The recent death of ‘fractal’ scientist Benoit Mandelbrot highlights the importance of having plenty of cross-disciplinary ‘agitators’ in our age of specialised big science.

In the back of the taxi some years ago, Benoît Mandelbrot was at work. We had an appointment in Manhattan together, and the Polish-born, Franco-American mathematician did not like the geometry of the route the taxi driver was taking.

“Why don’t you go down Second Avenue?” he asked the driver. Cross on 25th, he ordered. Go left at Park—no, not here. It was a running commentary, and was causing a small explosion in the front seat. But Mandelbrot didn’t care.

“Look, it’s just a matter of elegance,” he explained. “I’d like him to do it with a minimum of motion—an elegant solution. ” I joked that he was trying to solve a “travelling salesman” problem—one of mathematics’ most famous puzzlers—in the back of a cab. “I already solved it,” he chuckled.

That was vintage Mandelbrot: an indomitable will, leavened with some humor, pushing into other people’s business. He died Oct. 14 in Cambridge, Massachusetts, at the age of 85. In life he was the archetypal campaigner—the scientist who, when his reason convinced him of a fact, would not back down. This was the man, after all, who fought the cliquish math world for half a century to earn respect for the branch of mathematics he created, fractal geometry, who made a career of tweaking posh academic noses, who hit 75 before earning tenure at Yale, and who, as early as 1962, argued that the math on Wall Street would lead to the kind of financial disaster that hit in 1987 and again in 2008.

His larger legacy is as an example of the kind of independent, inter-disciplinary researcher that is all too rare—and all too necessary—in the big business of science that characterizes our age. These days, science is huge, with expenditures totaling $935 billion in the developed world alone in 2008, according to the Organisation for Economic Cooperation and Development. It is powerful, shaping fundamental policy debates from climate change to economic management. And it is divided into thousands of narrow specialties—each one a small world of received wisdom, rigid hierarchies, and strict entry requirements.
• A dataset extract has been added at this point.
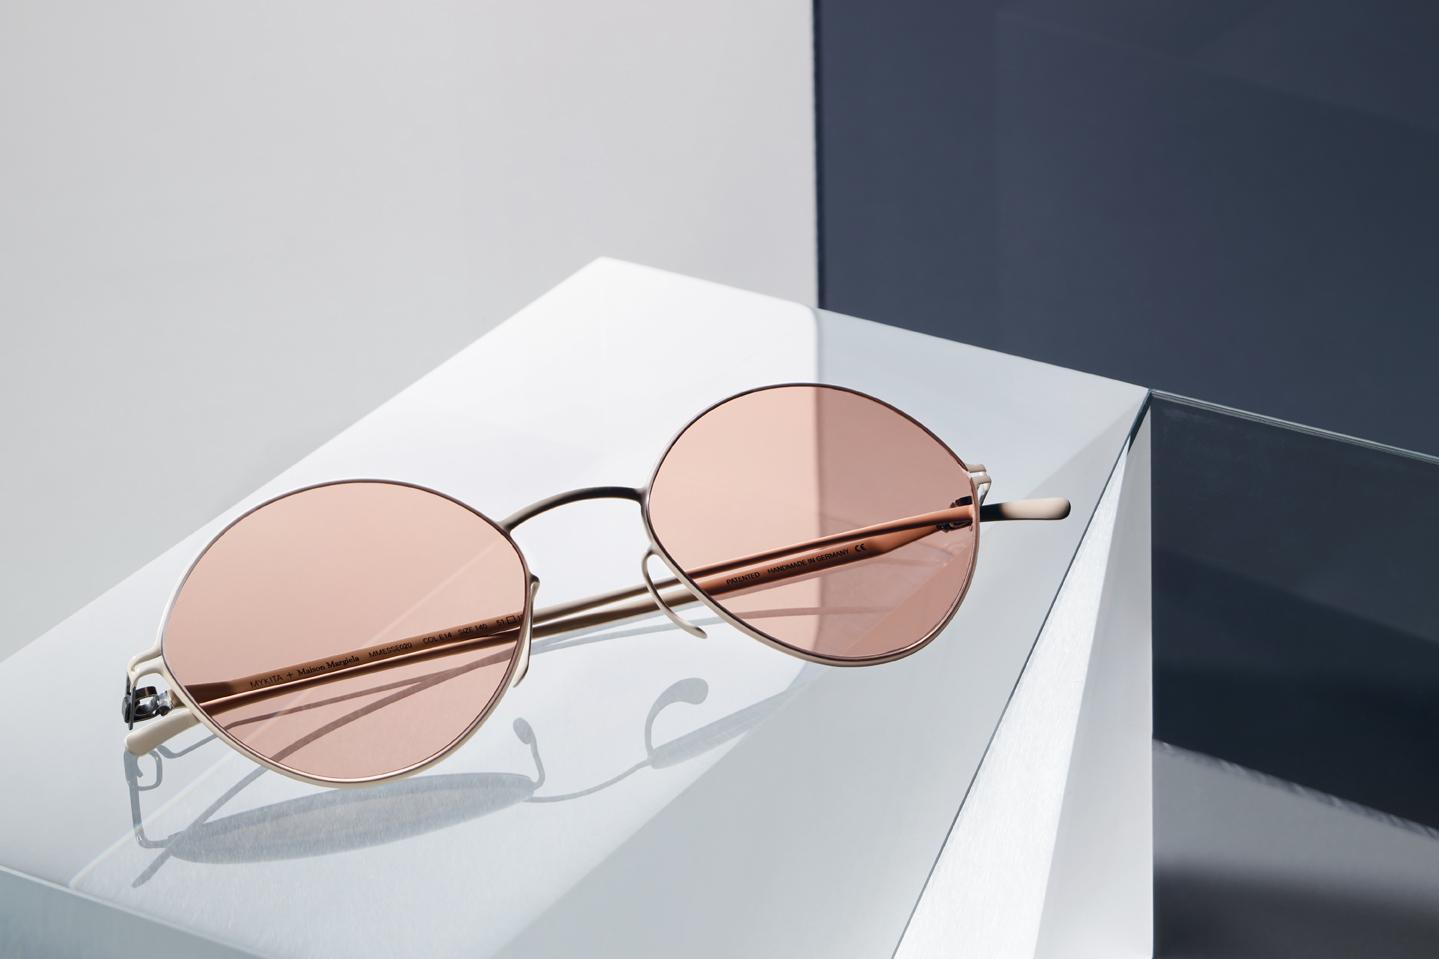 Opticalnet MYKITA Maison Margiela 2018 12

In that realm, a number theorist is not welcome to publish on high-energy physics, and a biochemist is not often invited to a conference of economists—however much their tangential perspectives on the topic might possibly stimulate new thinking.
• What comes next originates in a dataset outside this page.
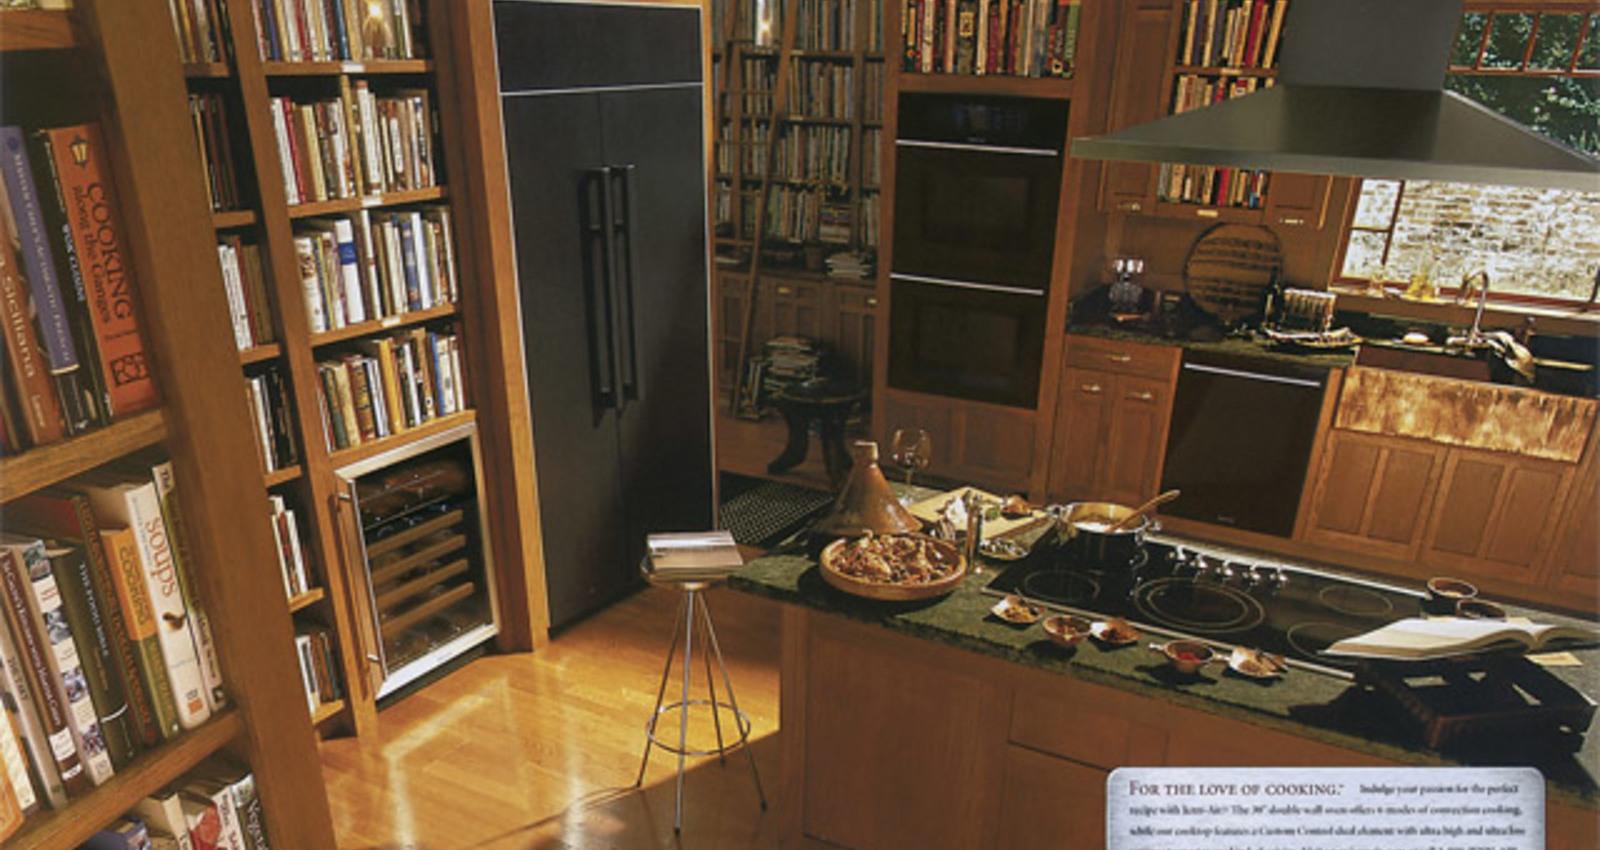 Kitchen, Library, Entertainment Center

Mandelbrot built a career fighting against that trend towards specialization. He was a mathematician who told hydrologists how to build dams, and a computer scientist who studied financial markets. He analyzed the noise on telephone lines, the branching of bronchia in the lungs, the shape of coastlines and clouds, the distribution of word frequencies in literature and of stars and galaxies in the universe.
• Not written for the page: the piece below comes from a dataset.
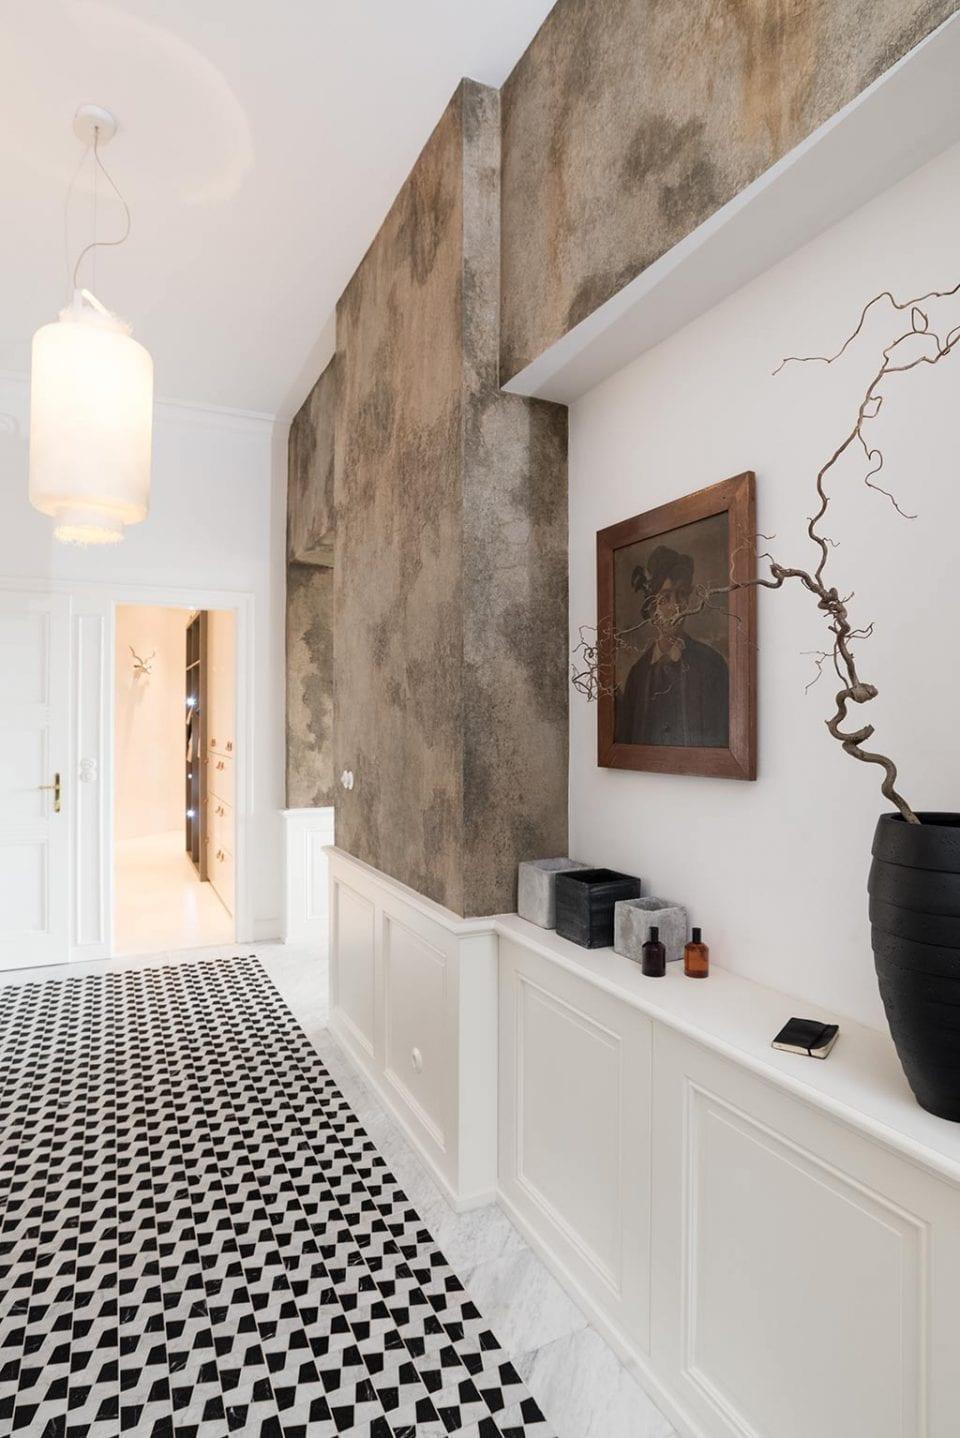 PN8 960x1438 - Look Inside: 1930s Czech Republic Apartment Re-invisioned

That’s not to say he didn’t have a method. Wherever there was a phenomenon with large amounts of data and huge variation from one point in the data to another—a stock market chart, an electrocardiogram readout, a telescope’s output—he had a mathematical tool to study the irregularity: fractal geometry.

A fractal, a term he coined while leafing through one of his sons’ Latin grammars (it comes from the word for “broken”), is a shape or pattern that repeats over and over at different scales in the same object or set of data—the way that broccoli florets are a small-scale image of the whole vegetable, for instance, or the way stars cluster into galaxies that in turn group into galaxy clusters, or the way the fluctuations of stock prices during an hour can, statistically speaking, look similar to the way they move around in a day or a month. Today, this math is used in data-compression algorithms on the Internet, in computer graphics, and in financial-market analysis, among many other fields. It is also familiar to millions, either through the Mandelbrot Set, a psychedelic-looking mathematical shape that appears on many screen-savers and T-shirts, or through the lessons now incorporated into numerous high school and college math courses.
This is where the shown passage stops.